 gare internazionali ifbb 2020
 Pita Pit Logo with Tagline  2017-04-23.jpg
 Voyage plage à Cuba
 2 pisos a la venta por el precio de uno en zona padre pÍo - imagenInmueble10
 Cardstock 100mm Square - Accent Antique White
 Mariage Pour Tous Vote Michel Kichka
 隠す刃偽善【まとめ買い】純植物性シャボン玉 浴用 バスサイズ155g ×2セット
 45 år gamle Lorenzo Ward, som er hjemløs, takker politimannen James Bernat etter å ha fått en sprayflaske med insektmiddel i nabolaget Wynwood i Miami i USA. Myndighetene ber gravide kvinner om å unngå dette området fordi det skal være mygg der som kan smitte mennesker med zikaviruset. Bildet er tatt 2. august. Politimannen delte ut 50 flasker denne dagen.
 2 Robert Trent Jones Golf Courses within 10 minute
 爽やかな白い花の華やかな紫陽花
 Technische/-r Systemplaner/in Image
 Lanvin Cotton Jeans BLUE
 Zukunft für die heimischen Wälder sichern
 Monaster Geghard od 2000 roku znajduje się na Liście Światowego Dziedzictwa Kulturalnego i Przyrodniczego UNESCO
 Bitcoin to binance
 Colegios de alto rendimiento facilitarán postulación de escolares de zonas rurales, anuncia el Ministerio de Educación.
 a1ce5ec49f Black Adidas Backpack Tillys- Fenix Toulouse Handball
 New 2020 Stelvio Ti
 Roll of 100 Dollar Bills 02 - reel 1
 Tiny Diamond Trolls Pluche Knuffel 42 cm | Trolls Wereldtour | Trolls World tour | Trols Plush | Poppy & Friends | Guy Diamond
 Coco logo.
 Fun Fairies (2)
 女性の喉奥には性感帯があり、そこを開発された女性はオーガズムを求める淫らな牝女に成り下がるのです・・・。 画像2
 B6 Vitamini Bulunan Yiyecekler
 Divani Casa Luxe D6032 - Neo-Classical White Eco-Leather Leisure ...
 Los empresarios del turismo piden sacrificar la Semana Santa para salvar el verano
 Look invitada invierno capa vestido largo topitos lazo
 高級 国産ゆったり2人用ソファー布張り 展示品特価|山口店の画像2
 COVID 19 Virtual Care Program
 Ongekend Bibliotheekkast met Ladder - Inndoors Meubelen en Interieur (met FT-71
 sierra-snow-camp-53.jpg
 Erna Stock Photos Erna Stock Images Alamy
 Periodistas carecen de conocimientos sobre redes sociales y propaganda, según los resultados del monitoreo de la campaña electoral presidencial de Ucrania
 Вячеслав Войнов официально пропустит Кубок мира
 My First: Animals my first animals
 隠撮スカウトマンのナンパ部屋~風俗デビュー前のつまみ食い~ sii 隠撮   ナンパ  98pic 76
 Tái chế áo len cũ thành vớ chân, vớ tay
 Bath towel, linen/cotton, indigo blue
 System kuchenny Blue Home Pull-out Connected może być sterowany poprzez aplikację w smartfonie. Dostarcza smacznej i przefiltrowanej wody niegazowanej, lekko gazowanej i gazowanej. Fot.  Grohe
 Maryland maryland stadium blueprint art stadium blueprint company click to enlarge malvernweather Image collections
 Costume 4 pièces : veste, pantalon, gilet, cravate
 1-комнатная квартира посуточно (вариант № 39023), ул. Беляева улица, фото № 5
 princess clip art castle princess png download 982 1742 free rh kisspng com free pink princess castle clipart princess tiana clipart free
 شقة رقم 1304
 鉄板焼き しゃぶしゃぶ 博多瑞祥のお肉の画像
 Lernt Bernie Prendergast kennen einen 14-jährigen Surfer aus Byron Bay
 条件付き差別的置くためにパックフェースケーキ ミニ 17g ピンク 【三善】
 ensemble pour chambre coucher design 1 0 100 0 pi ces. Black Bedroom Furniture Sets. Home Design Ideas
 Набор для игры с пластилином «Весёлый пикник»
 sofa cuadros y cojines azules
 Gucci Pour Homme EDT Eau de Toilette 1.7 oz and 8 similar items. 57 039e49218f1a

→ What to work on
The required response is a complete, exact copy of the records.

→ Reply to the exercise
 gare internazionali ifbb 2020
 Pita Pit Logo with Tagline  2017-04-23.jpg
 Voyage plage à Cuba
 2 pisos a la venta por el precio de uno en zona padre pÍo - imagenInmueble10
 Cardstock 100mm Square - Accent Antique White
 Mariage Pour Tous Vote Michel Kichka
 隠す刃偽善【まとめ買い】純植物性シャボン玉 浴用 バスサイズ155g ×2セット
 45 år gamle Lorenzo Ward, som er hjemløs, takker politimannen James Bernat etter å ha fått en sprayflaske med insektmiddel i nabolaget Wynwood i Miami i USA. Myndighetene ber gravide kvinner om å unngå dette området fordi det skal være mygg der som kan smitte mennesker med zikaviruset. Bildet er tatt 2. august. Politimannen delte ut 50 flasker denne dagen.
 2 Robert Trent Jones Golf Courses within 10 minute
 爽やかな白い花の華やかな紫陽花
 Technische/-r Systemplaner/in Image
 Lanvin Cotton Jeans BLUE
 Zukunft für die heimischen Wälder sichern
 Monaster Geghard od 2000 roku znajduje się na Liście Światowego Dziedzictwa Kulturalnego i Przyrodniczego UNESCO
 Bitcoin to binance
 Colegios de alto rendimiento facilitarán postulación de escolares de zonas rurales, anuncia el Ministerio de Educación.
 a1ce5ec49f Black Adidas Backpack Tillys- Fenix Toulouse Handball
 New 2020 Stelvio Ti
 Roll of 100 Dollar Bills 02 - reel 1
 Tiny Diamond Trolls Pluche Knuffel 42 cm | Trolls Wereldtour | Trolls World tour | Trols Plush | Poppy & Friends | Guy Diamond
 Coco logo.
 Fun Fairies (2)
 女性の喉奥には性感帯があり、そこを開発された女性はオーガズムを求める淫らな牝女に成り下がるのです・・・。 画像2
 B6 Vitamini Bulunan Yiyecekler
 Divani Casa Luxe D6032 - Neo-Classical White Eco-Leather Leisure ...
 Los empresarios del turismo piden sacrificar la Semana Santa para salvar el verano
 Look invitada invierno capa vestido largo topitos lazo
 高級 国産ゆったり2人用ソファー布張り 展示品特価|山口店の画像2
 COVID 19 Virtual Care Program
 Ongekend Bibliotheekkast met Ladder - Inndoors Meubelen en Interieur (met FT-71
 sierra-snow-camp-53.jpg
 Erna Stock Photos Erna Stock Images Alamy
 Periodistas carecen de conocimientos sobre redes sociales y propaganda, según los resultados del monitoreo de la campaña electoral presidencial de Ucrania
 Вячеслав Войнов официально пропустит Кубок мира
 My First: Animals my first animals
 隠撮スカウトマンのナンパ部屋~風俗デビュー前のつまみ食い~ sii 隠撮   ナンパ  98pic 76
 Tái chế áo len cũ thành vớ chân, vớ tay
 Bath towel, linen/cotton, indigo blue
 System kuchenny Blue Home Pull-out Connected może być sterowany poprzez aplikację w smartfonie. Dostarcza smacznej i przefiltrowanej wody niegazowanej, lekko gazowanej i gazowanej. Fot.  Grohe
 Maryland maryland stadium blueprint art stadium blueprint company click to enlarge malvernweather Image collections
 Costume 4 pièces : veste, pantalon, gilet, cravate
 1-комнатная квартира посуточно (вариант № 39023), ул. Беляева улица, фото № 5
 princess clip art castle princess png download 982 1742 free rh kisspng com free pink princess castle clipart princess tiana clipart free
 شقة رقم 1304
 鉄板焼き しゃぶしゃぶ 博多瑞祥のお肉の画像
 Lernt Bernie Prendergast kennen einen 14-jährigen Surfer aus Byron Bay
 条件付き差別的置くためにパックフェースケーキ ミニ 17g ピンク 【三善】
 ensemble pour chambre coucher design 1 0 100 0 pi ces. Black Bedroom Furniture Sets. Home Design Ideas
 Набор для игры с пластилином «Весёлый пикник»
 sofa cuadros y cojines azules
 Gucci Pour Homme EDT Eau de Toilette 1.7 oz and 8 similar items. 57 039e49218f1a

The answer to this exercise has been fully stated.